The Arnesonian Sandbox and The First Hexcrawl

Author: DHBoggs /

 When I looked previously at the Lake Gloomy material (HERE) from early summer 1972, I focused on organizing the material in a user friendly manner.  The presentation of Arneson's Loch Gloomin material in the FFC seems as if it was typed directly from his notes with little thought of clarity for the reader.

The focus of this posts relates to the actual nature of the game which the notes describe, that being what we might today label as a sandbox hexcrawl

For the first year of gaming in the Northern Marches, play had focused in and around Blackmoor Castle and town surroundings, with perhaps the occasional foray north to Glendower.

With the exile of a significant portion of the Blackmoor PC's into the western swamp town of Loch Gloomin aka Lake Gloomy, a whole new chapter opened up, and it was a chapter without a large central dungeon.

Yes, there was still a town to call home base, but the town itself did not have an underworld full of treasure.  One had to go out in the world to find gold.  Arneson was forcing his players to explore the world beyond the dungeon.

In creating Lake Gloomy, Arneson was again creating a whole new kind of gaming - the Hexcrawl, and mind you this was months before Outdoor Survival was released.

He set the area up on a 10 * 10 miles per square grid with Loch Gloomen at the center, as if the whole were a wargame board.  Then he determined there would be "Twelve Special areas located in random directions... and distances..." (FFC 77:86)
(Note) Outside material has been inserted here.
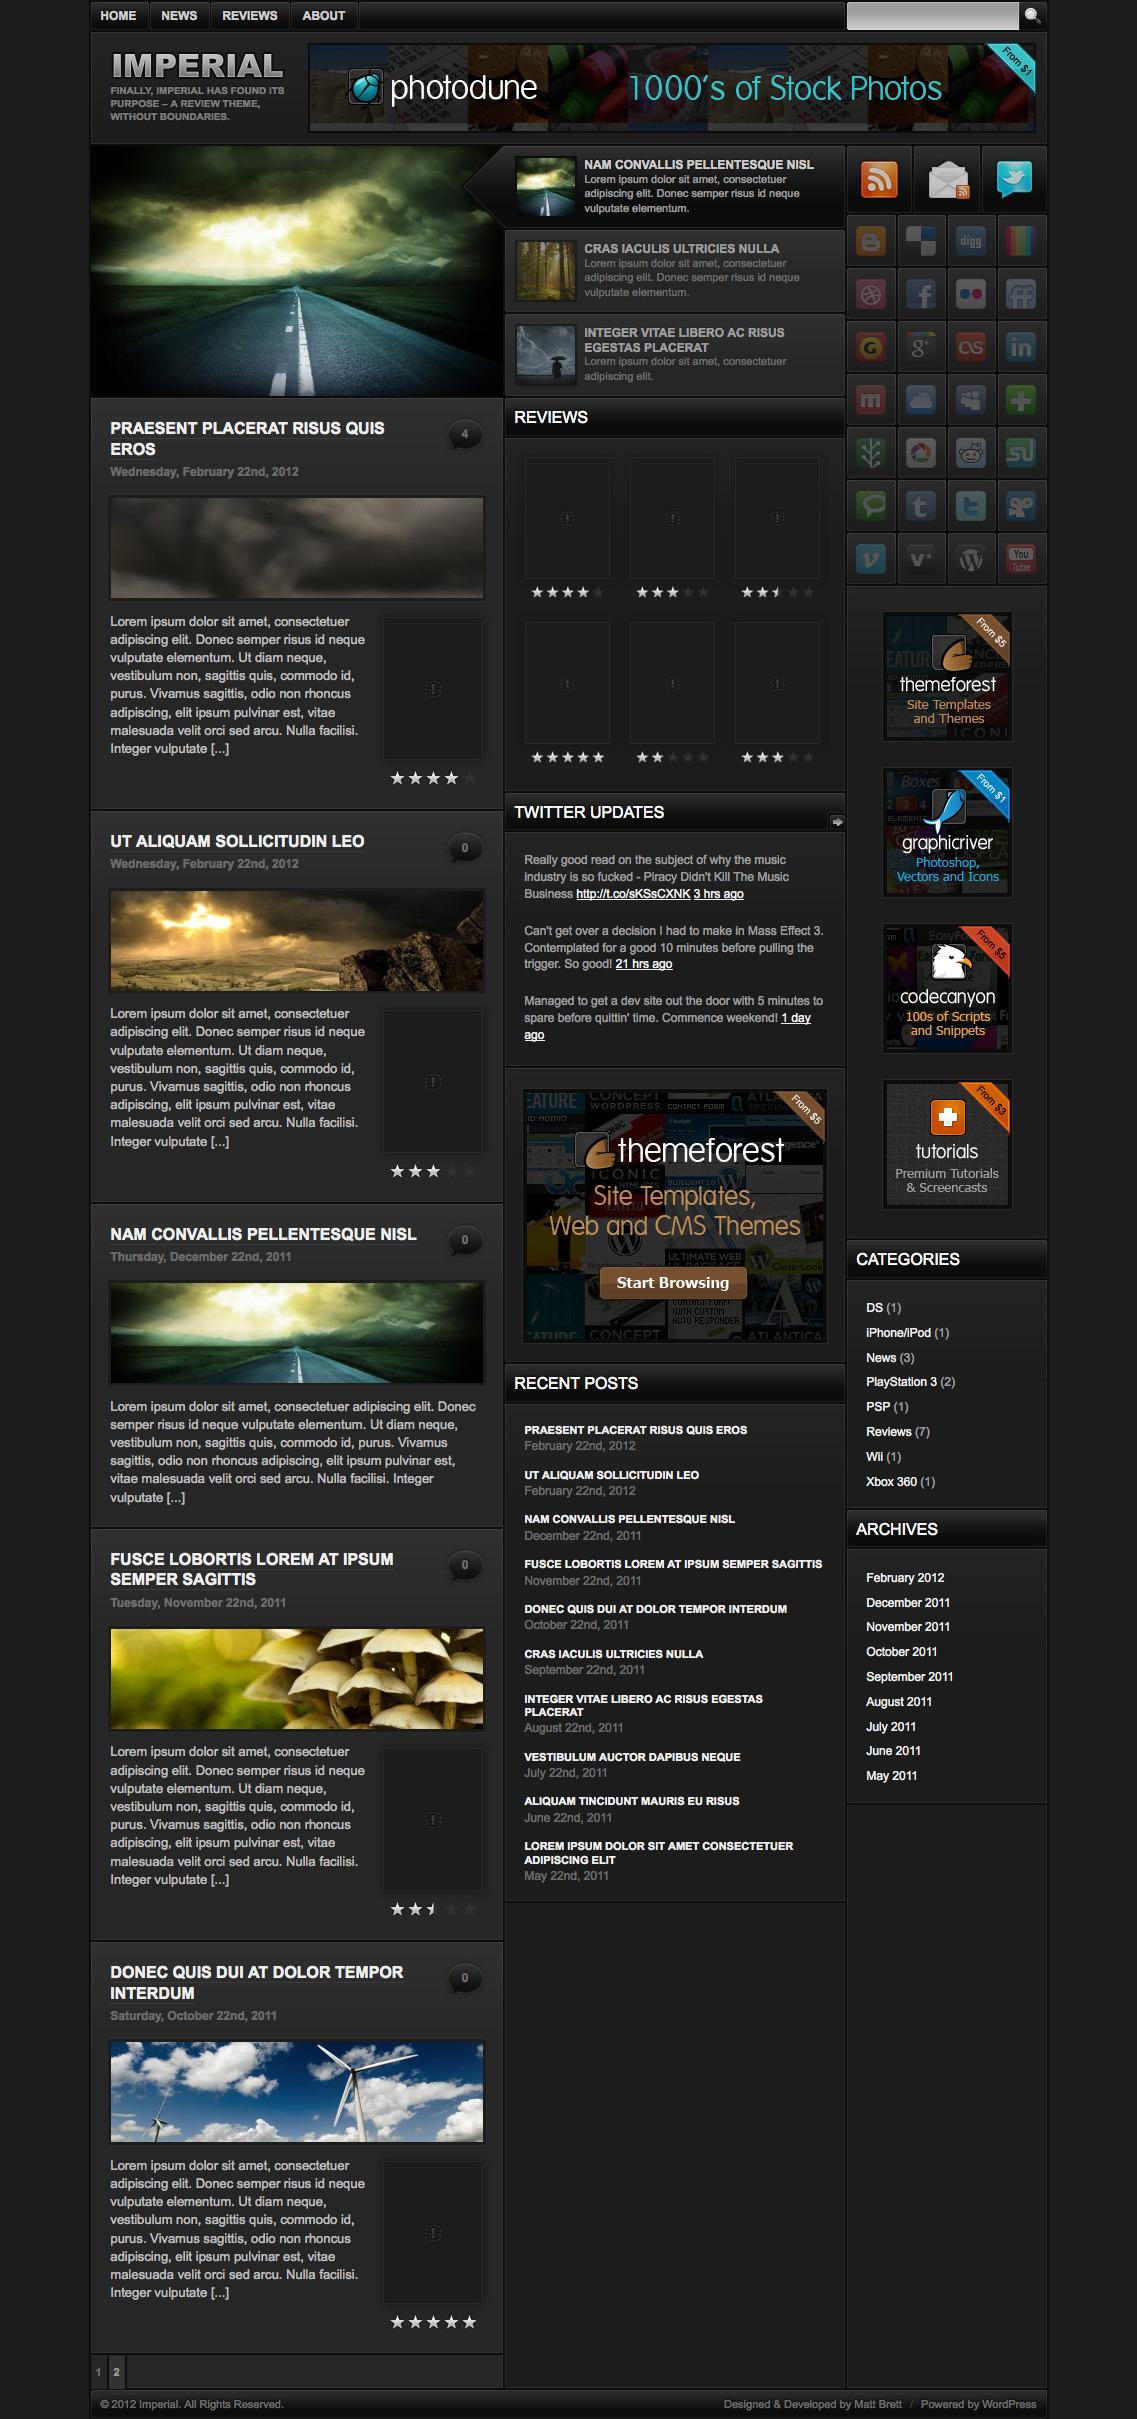 http://1.s3.envato.com/files/38290819/screenshots/02_homepage.jpg
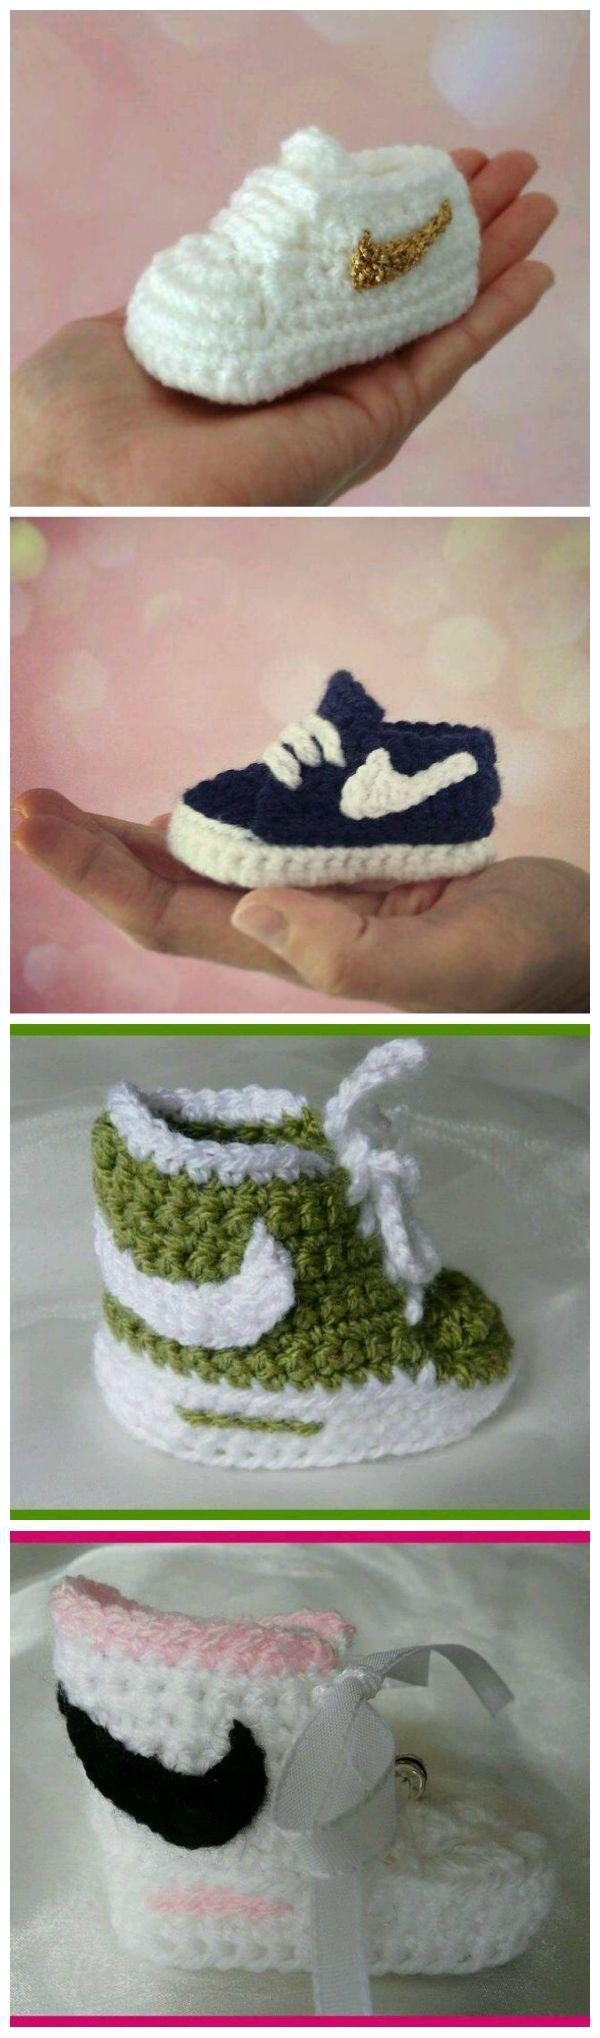 How to Crochet Nike Inspired Baby Booties | Häkelmuster und ...

He then created the tables and rolled the rolls to determine exactly what those "special areas" would be, such as haunted cemeteries, abandoned mansions, monster-filled cave complexes and so on - all as detailed in the previous post linked above.

Further, he employed rules he created for overland travel, probably made earlier, but if not, certainly by this time - the same travel rules that morphed into those of D&D as I explained in this post on the 18 pages of notes (HERE).  Rates are in 10 mile squares. (FFC 77:34)

Likewise rules for wilderness wandering monsters, as seen here (and previously discussed HERE), which again formed the bases of those in D&D, at least in the categories.   (FFC 77:34)

One square at a time (usually), Arneson's players could move out of the town and find what adventures may await them.  Being outdoors and unconstrained by walls and tunnels, this new kind of adventuring was entirely different from dungeon dives yet it was built on several of the same principles in dungeon design and stocking Arneson had already worked out.  The wilderness, in a sense, was a horizontal dungeon level on a larger time and distance scale, but it was free and open in ways a dungeon never could be.  In developing the Loch Gloomin hexcrawl Arneson created methods that allowed his players to explore the world - methods used by gamemasters to this day.


paleologos said...

Fantastic post - thanks!

A great example of how Arneson's Blackmoor campaign set the template for the D&D Basic/Dungeon, Expert/Wilderness paradigm.

(...and even the Companion/Domain game using the Blackmoor bunch, as you've explained in previous posts!)